Saturday, 11/12/2011 10:32:18 PM

Saturday, November 12, 2011 10:32:18 PM

Post# of 42851
This is my response:

There is an ownership restriction on WMI.

Now tell us, how can you convert the preferreds into common stock without changing the ownership restrictions set by the Court and the IRS? You can't.

How can you convert preferreds into commons without reducing NOLs of the estate? You can't.

There is no conversion clause in K, HOWEVER, because WMI filed for BK protection which caused a default event of WMI which in turn triggered the P's liquidation preference i.e. C A S H (or equivalent). Therefore P's are entitled to the face value of $1,000 per share.

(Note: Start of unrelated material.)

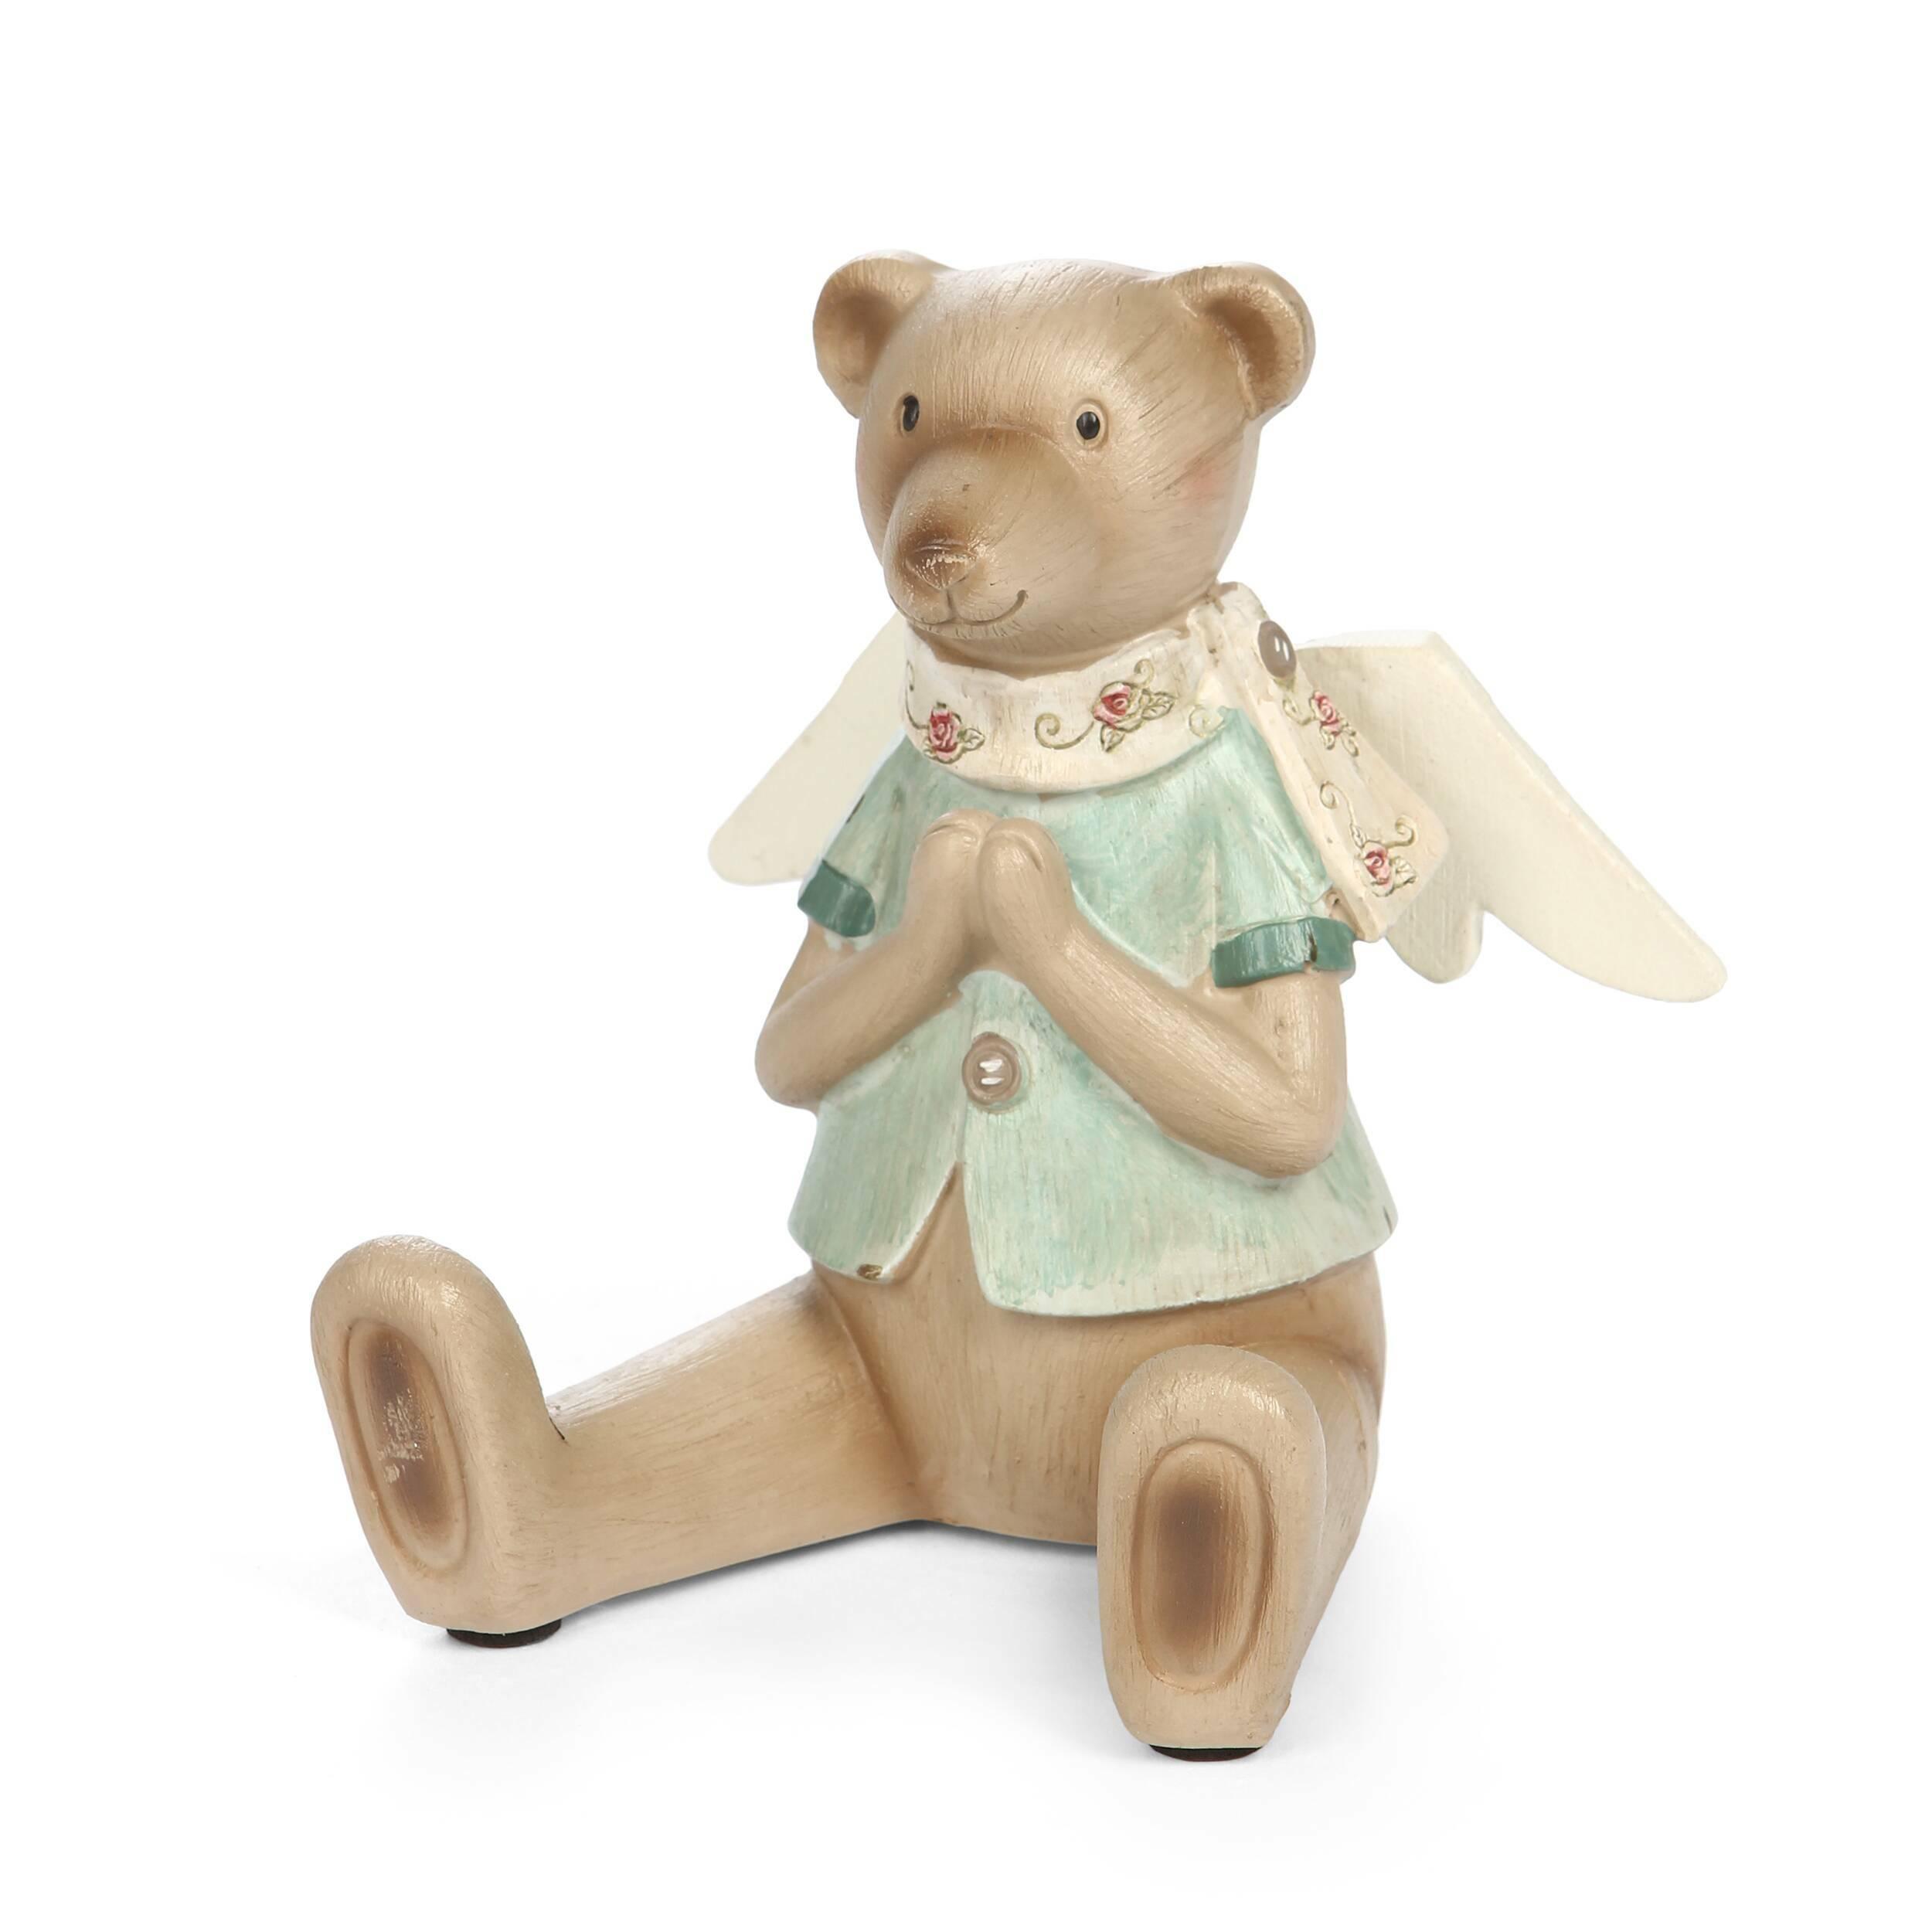 Статуэтка Angel TeddyНастольные<br>Дизайнерская светло-коричневая статуэтка Angel Teddy (Ангел Тэдди) из смолы в форме мишки-ангела от Cosmo (Космо).<br><br><br> Декорирование интерьера так же важно, как и весь законченный ремонт. Комната без декора выглядит пустой и безжизненной. Попробуйте внести хотя бы небольшой элемент интерьерного украшения, и вы сразу увидите, как преобразится все помещение и улучшится домашняя атмосфера. В данном случае речь идет о добавлении в интерьер капельки романтики и тепла.<br><br><br> Статуэтка Angel Te...<br><br>stock: 3<br>Высота: 11.5<br>Ширина: 9.5<br>Материал: Смола<br>Цвет: Светло-коричневый<br>Длина: 10.5<br>Цвет дополнительный: Голубой

Now since WMI is in BK protection, P and K are in the same class, therefore they BOTH will have the same disposition as evidence in all the PORs by the debtors and the latest PR re: settlement of May/June 2011.

You need to understand, it is not what about what the prospectus says, it is about knowing the totality of the circumstances that must included knowledge of bankruptcy, not just reading the prospectus.

Bottom line: P and K = the same class = the same disposition.

BTW: P's are far superior to K's in price/risk ratio for maximum return on your money.

Note: Swapping prefereds for new common into the reorganized debtor is a diff story.